Kemenkes Terbitkan SE tentang Pembagian Kompetensi Dokter Spesialis dan Subspesialis

Kehadiran SE ini diharapkan untuk menghindarkan konflik dan perdebatan di antara para dokter spesialis dalam menangani pasien lewat shared competency atau pembagian kompetensi.

oleh Liputan6.com diperbarui 09 Jan 2023, 12:00 WIB
ilustrasi dokter/Photo by rawpixel.com from Pexels

Liputan6.com, Jakarta Kementerian Kesehatan RI menerbitkan surat edaran (SE) tentang pelayanan kesehatan bagi dokter spesialis dan dokter gigi serta dokter subspesialis.
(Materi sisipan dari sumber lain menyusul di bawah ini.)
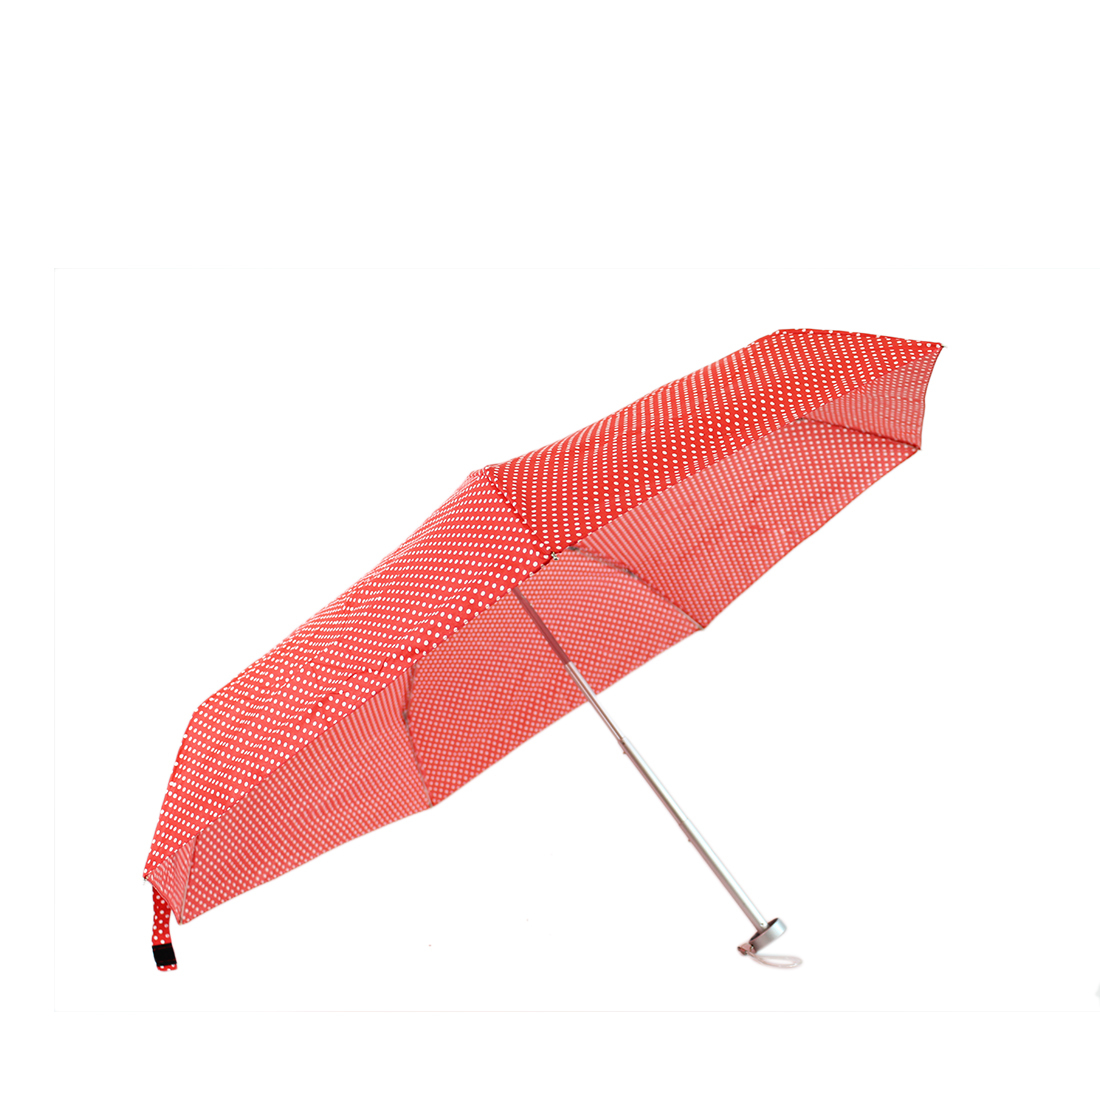 * Super small umbrella with polka dots

Kehadiran SE ini diharapkan untuk menghindarkan konflik dan perdebatan di antara para dokter spesialis dalam menangani pasien lewat shared competency atau pembagian kompetensi.
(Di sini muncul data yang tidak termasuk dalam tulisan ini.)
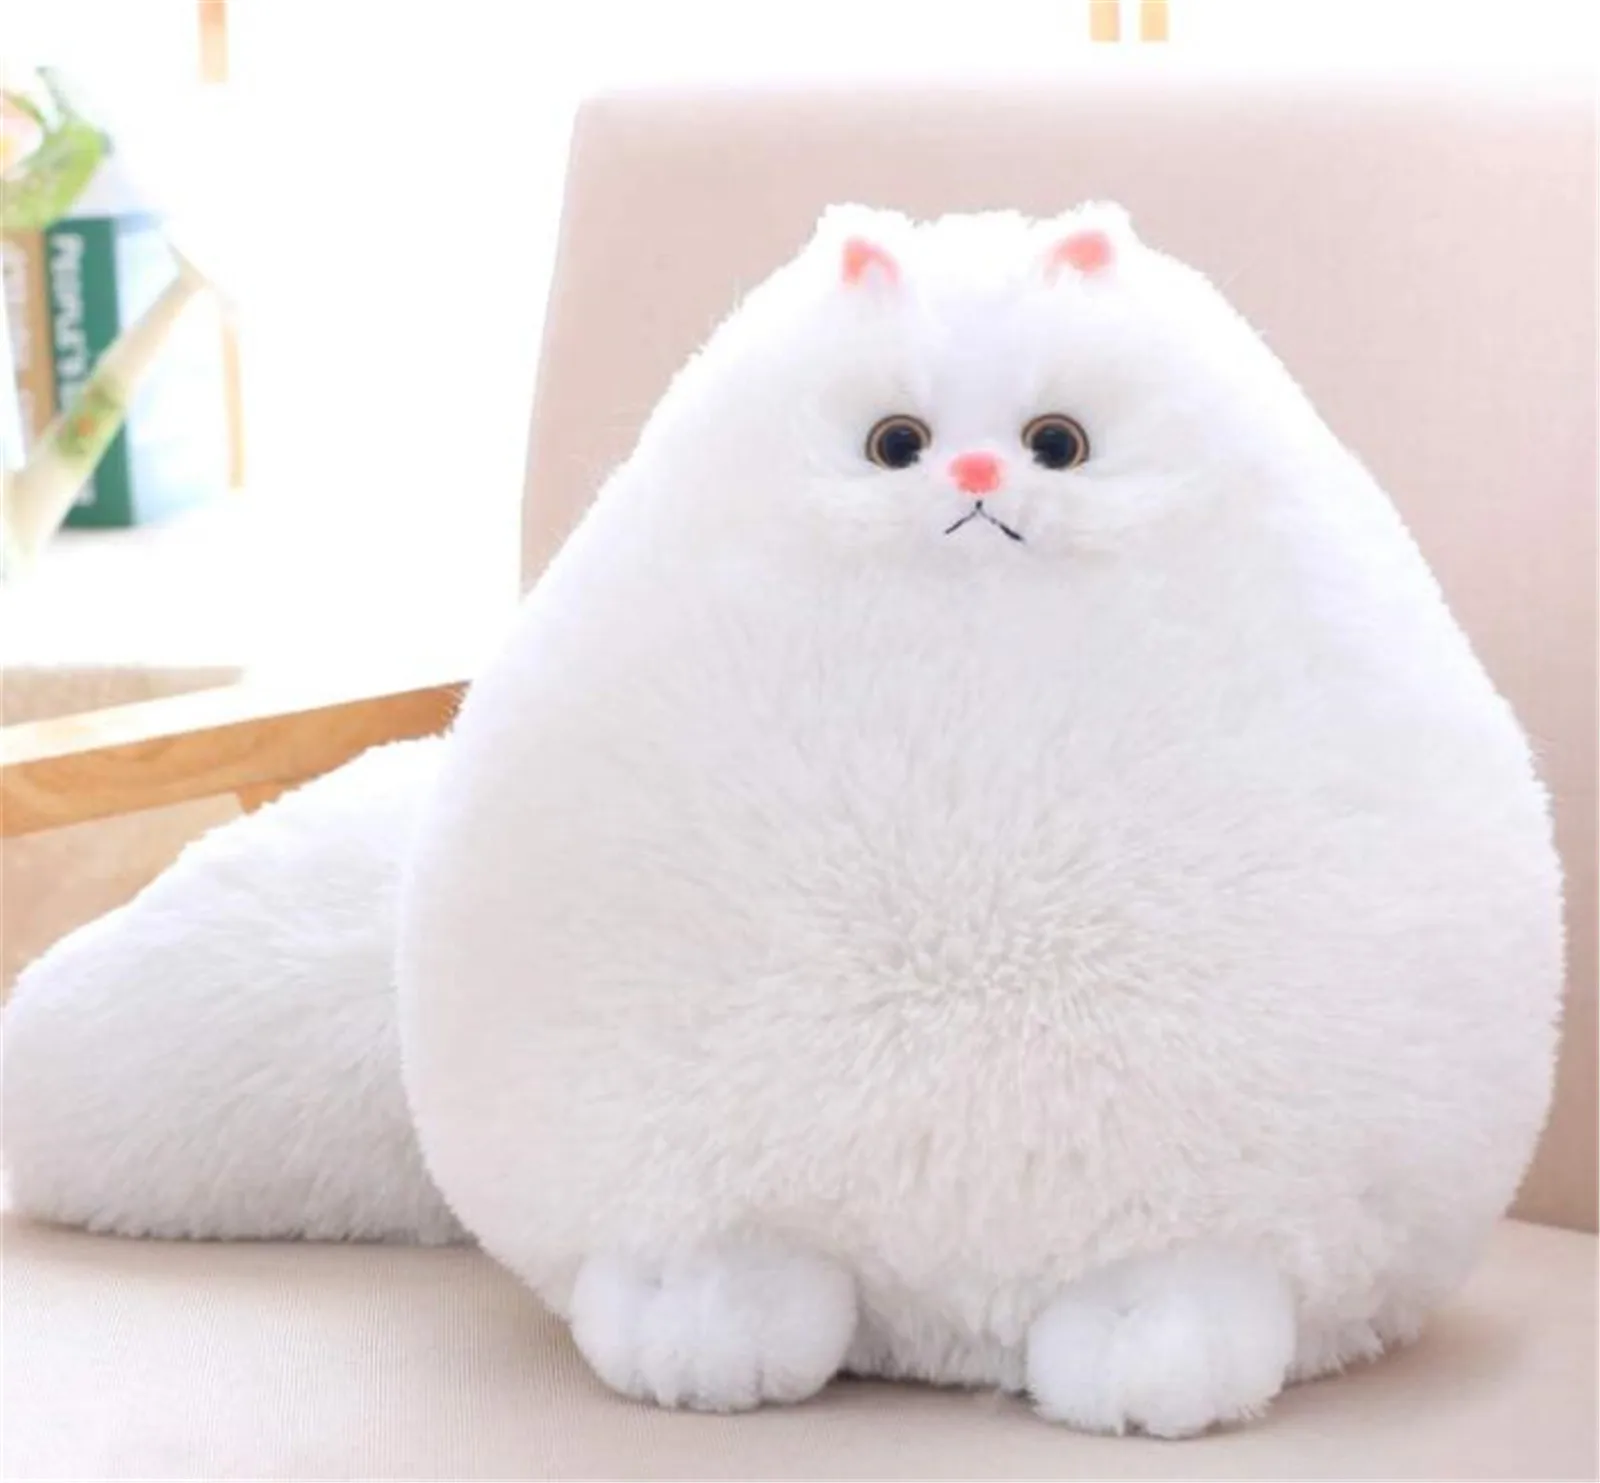 Fluffy White Persian Cat Stuffed Animal Plush Toy Pet Doll Kids Soft Cuddle Gift

"Untuk menjawab adanya kompetensi yang sama atau bersinggungan antara dokter spesialis, dokter gigi spesialis, dan dokter subspesialis, dokter gigi subspesialis, diperlukan penataan shared competency agar tidak ada saling klaim pelayanan," kata Menteri Kesehatan RI Budi Gunadi Sadikin dalam keterangannya di Jakarta, Senin (9/1/2023).

Budi menerangkan kompetensi yang saling bersinggungan di antara profesi tenaga kesehatan bisa berdampak pada pelayanan bagi pasien, bahkan berpotensi pada perdebatan hingga konflik internal dalam organisasi profesi dokter.
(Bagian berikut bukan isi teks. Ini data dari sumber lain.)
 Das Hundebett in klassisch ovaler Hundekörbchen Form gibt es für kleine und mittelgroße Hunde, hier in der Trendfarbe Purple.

"Pada suatu pelayanan medis tertentu, ternyata dalam praktiknya dapat dilakukan oleh dokter spesialis, atau dokter gigi spesialis, dan dokter subspesialis atau dokter gigi subspesialis dari bidang spesialisasi atau subspesialisasi yang berbeda," kata Budi mengutip Antara.

Menindaklanjuti hal tersebut Kemenkes menerbitkan Surat Edaran Nomor HK.02.01/MENKES/5/2023 tentang Penataan Pelayanan Kesehatan Bagi Dokter Spesialis/Dokter Gigi Spesialis dan Dokter Subspesialis/Dokter Gigi Subspesialis Dengan Kompetensi yang Bersinggungan Melalui Shared Competency di Rumah Sakit.

Dalam SE itu, Kemenkes meminta rumah sakit untuk fokus memberikan pelayanan kesehatan sesuai kebutuhan spesialistik dan subspesialistik, termasuk penggunaan sarana, prasarana, dan alat kesehatan.

Lalu, setiap tenaga kesehatan harus memiliki standar kompetensi yang telah disahkan sesuai ketentuan peraturan perundang-undangan atau buku putih (white paper) masing- masing bidang spesialis atau subspesialis.

 


Bakal Ada Monitoring dan Evaluasi

Tenaga kesehatan juga wajib memiliki clinical appointment berdasarkan rekomendasi komite medik dari pimpinan rumah sakit tempatnya bertugas.

“Rekomendasi komite medik diberikan berdasarkan sertifikat kompetensi atau sertifikat kompetensi tambahan atau dokumen lain yang membuktikan kompetensi yang dimiliki tenaga medis,” kata Budi. 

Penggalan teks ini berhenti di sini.